And I thought well, maybe this is not so difficult to implement. It's an added value for the membership so why don't I just talk at the RIPE meeting for about three minutes, explaining this idea. So, now first of all, I would like to do a little poll in the sense who in the room actually recognises the situation I was in? Who has this kind of stuff? There are a few.
Basically I am done. I am inviting questions and comments. And if you would go so far as if you comment to tell me sort of on a scale of one to ten what you think of this idea, like 1 being this is the most silly thing I have heard this year and 10 being like, this will solve all operational problems magically in the Internet in the years to come. And you manage the queue, please.
CHAIR: Thank you very much. We only have a few minutes and I see quite a few people. Let's just start on the right and work our way through.
AUDIENCE SPEAKER: Jelte Jansen, SIDN, on the scale of 1 to 10, I give it two cocoa nuts and a banana. I like the idea. I also see a lot of problems with it, but I would really love to work it out further. As working for an organisation that maintains a Whois database and e‑mail is a bad method for this, yes.
BRIAN NISBET: HEAnet also co‑chair of the Anti‑Abuse Working Group. I look forward to the full presentation on this but I don't think the NCC wants to put themselves between operators and ‑‑ people with a problem and people who are causing the problem in this regard.
DANIEL KARRENBERG: Why?
BRIAN NISBET: Because I think ‑‑ providing the information, sure, but actually being the conduit, being the people who are saying you have a problem it will then become, ah, I have got that e‑mail from the NCC telling me I have got an issue. There is a position in there I am not sure the NCC should be putting themselves in the middle between people. There is a lot of good there but it's a dangerous position for the NCC to put themselves in.

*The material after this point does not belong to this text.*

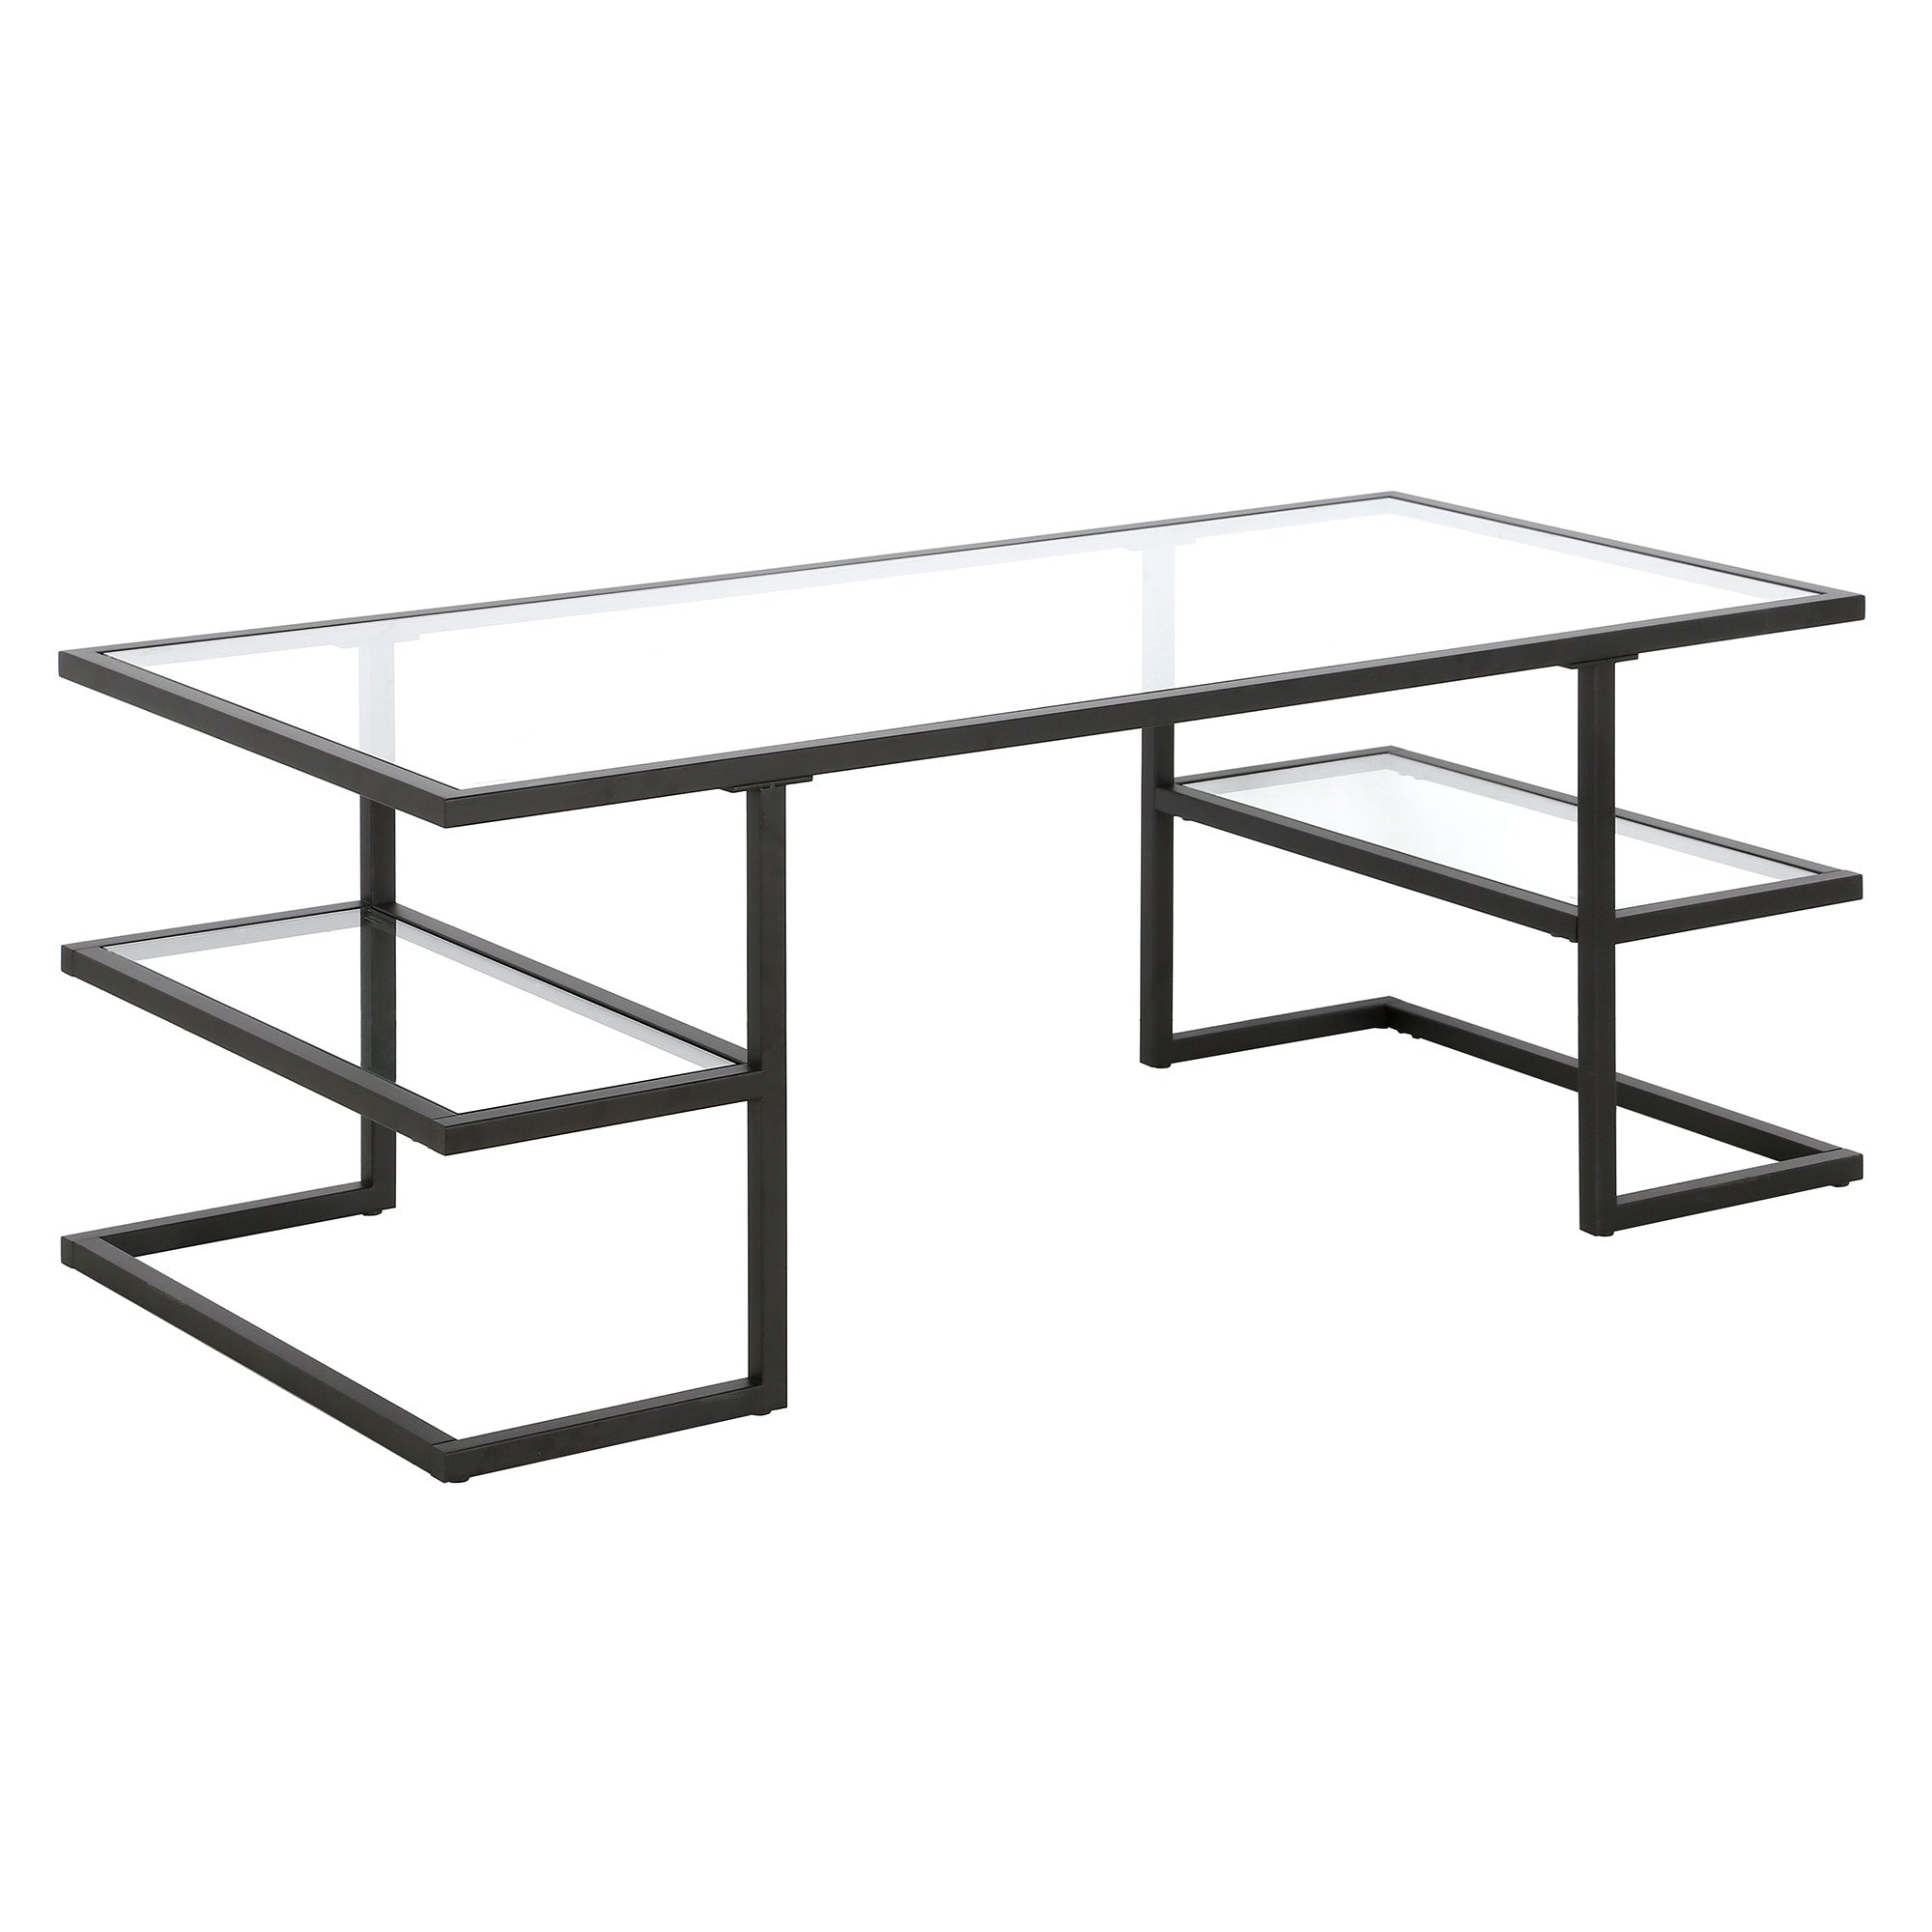 47" Black Glass And Steel Coffee Table With Two Shelves

DANIEL KARRENBERG: I wasn't thinking about e‑mail as a conduit, I was just thinking about some automated system that sends a message from A to B, at lower cost than finding out e‑mail address and la la la. So ‑‑ I am not proposing that the NCC says something is wrong.
BRIAN NISBET: But the system would be the NCC whether it's require portal ‑‑ we will talk more about this because it's a very interesting position to put yourself in.
GERT DORING: Internet user, abuse reporter, abuse reporting receiver. I like this. Maybe not at 10 but at least a 7 .5 or something. And I like the way that it's not e‑mail‑based. There is lots of tricky details to be solved out like tagging the reporting of the message with, this is an operational problem or this is spam abuse, phishing, whatever, but also the structured querying of this, like, some sort of well‑defined data that you can then use in your own systems to value this, like I see this IP address, it's the same one and we talk to them again or this is our resolver, it should pop up far higher. So this has potential but tricky details.
CHAIR: So before we go to the back, just a reminder please, keep it very, very short, we are rung out of time for this part.
AUDIENCE SPEAKER: Marco of the RIPE NCC, full disclosure but this is on personal title. I like this idea, I like the spirit and I hear this a lot. I would want to point out that I know of several national initiatives, for instance, in the Netherlands, which abuse ‑‑ and that is currently being billed out to kind of do a bit of the same so I would recommend to talk to those people and see if we can align efforts there if this turns out to be a RIPE's service maybe we can benefit from each other's efforts.
DANIEL KARRENBERG: I think the RIPE NCC is uniquely placed here because we have the address registry and that is the key to this idea.
BENNO OVEREINDER: Depending on the feedback actually or the back‑end for this ‑‑ for the sake of this discussion, so how the operator can access the data, if you provide and I think you suggested something like a restful interface, not e‑mail, just restful interface for the operator to rate and to analyse the messages, I think a failure is an 8 or 9 so I appreciate ‑‑ and I don't think it's operational thing, it's ‑‑ it's making sure that the information goes from A to B, for me RIPE doesn't get into the operations of the networks.
CHAIR: The last question from Ruediger.
RUEDIGER VOLK: Daniel, I think I know the situation that you described. However, I think there are quite a number of very large LIRs where this is very unlikely to actually work. Because kind of, kind of, figuring out which organisational unit or subsidiary has to be poked or which of the 20,000 commercial customers is just something that is unlikely to actually be served by sufficient resources.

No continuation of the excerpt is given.